Inference of GRNs is a central problem2,3,4, and there have been many attempts to approach this issue2,5,6,7,8,9,10,11,12,13. Co-expression-based methods such as WGCNA14, ARACNe9 and GENIE3 (ref. 15) infer the TF–TG trans-regulation from gene expression by capturing the TF–TG covariation. Such networks have undirected edges, preventing distinction of direction from a TFA–TFB edge. Moreover, co-expressions are interpreted as correlations rather than causal regulations16. Genome-wide measurements of chromatin accessibility, such as DNase-seq17 and assay for transposase-accessible chromatin sequencing (ATAC-seq)18, locate REs, enabling TF–RE connections by motif matching and connecting REs to their nearby TGs19. However, TF footprint approaches cannot distinguish within-family TFs sharing motifs. To overcome this limitation, we developed a statistical model, PECA20, to fit TG expression by TF expression and RE accessibility across a diverse panel of cell types. However, the problem still has not been fully resolved because heterogeneity of cell types in bulk data limits the accuracy of inference.

The advent of single-cell sequencing technology has enabled highly accurate regulatory analysis at the level of individual cell types.
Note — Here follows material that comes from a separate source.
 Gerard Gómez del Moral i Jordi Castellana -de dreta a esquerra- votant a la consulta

Single-cell RNA sequencing (scRNA-seq) data enables cell type-specific trans-regulation inference through co-expression analysis such as PIDC and SCENIC21,22,23,24,25,26,27,28,29,30. Single-cell sequencing assay for transposase-accessible chromatin (scATAC-seq) can be used to infer trans-regulation, as in DeepTFni31. Many methods integrate unpaired scRNA-seq and scATAC-seq data to infer trans-regulation. Those methods, including IReNA32, SOMatic33, UnpairReg34, CoupledNMF35,36, DC3 (ref. 36) and others37 link TFs to REs by motif matching and link REs to TGs using the covariation of RE–TG or physical base pair distance. Recently, scJoint38 was developed to transfer labels from scRNA-seq to scATAC-seq data, which may enable improved cell GRN inference. Despite extensive efforts, GRN inference accuracy has remained disappointingly low, marginally exceeding random predictions39.
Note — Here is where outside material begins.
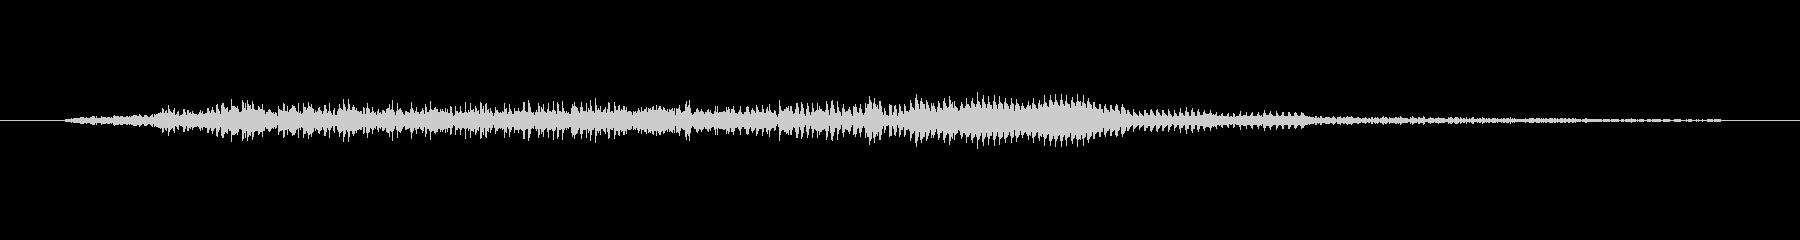 モンスター うなり声03の未再生の波形

Recent advances in single-cell sequencing40 provide opportunities to address these challenges41, exemplified by SCENIC+42. However, three major challenges persist in GRN inference. First, learning such a complex mechanism from limited data points remains a challenge. Although single-cell data offers a large number of cells, most of them are not independent. Second, incorporating prior knowledge such as motif matching into non-linear models is challenging. Third, inferred GRN accuracy assessed by experimental data is only marginally better than random prediction39.

To overcome these challenges, we propose a method called LINGER (Lifelong neural network for gene regulation). This research paper contributes to the field of GRN inference in multiple ways. First, LINGER uses lifelong learning, a previously defined concept43 that incorporates large-scale external bulk data, mitigating the challenge of limited data but extensive parameters. Second, LINGER integrates TF–RE motif matching knowledge through manifold regularization, enabling prior knowledge incorporation into the model. Third, the accuracy of LINGER represents a fourfold to sevenfold relative increase. Fourth, LINGER enables the estimation of TF activity solely from gene expression data, identifying driver regulators.

Results

LINGER: using bulk data to infer GRNs from single-cell multiome data

LINGER is a computational framework designed to infer GRNs from single-cell multiome data (Fig. 1 and Methods). Using count matrices of gene expression and chromatin accessibility along with cell type annotation as input, it provides a cell population GRN, cell type-specific GRNs and cell-level GRNs. Each GRN contains three types of interactions, namely, trans-regulation (TF–TG), cis-regulation (RE–TG) and TF-binding (TF–RE). Note that TF–TF interactions are included in TF–TG pairs but TF self-regulation, which is challenging to model without additional data, is not considered. LINGER is distinguished by its ability to integrate the comprehensive gene regulatory profile from external bulk data. This is achieved through lifelong machine learning, also called continuous learning. The concept of lifelong learning is that the knowledge learned in the past helps us learn new things with little data or effort44. Lifelong learning has been proven to leverage the knowledge learned in previous tasks to learn the new task better45.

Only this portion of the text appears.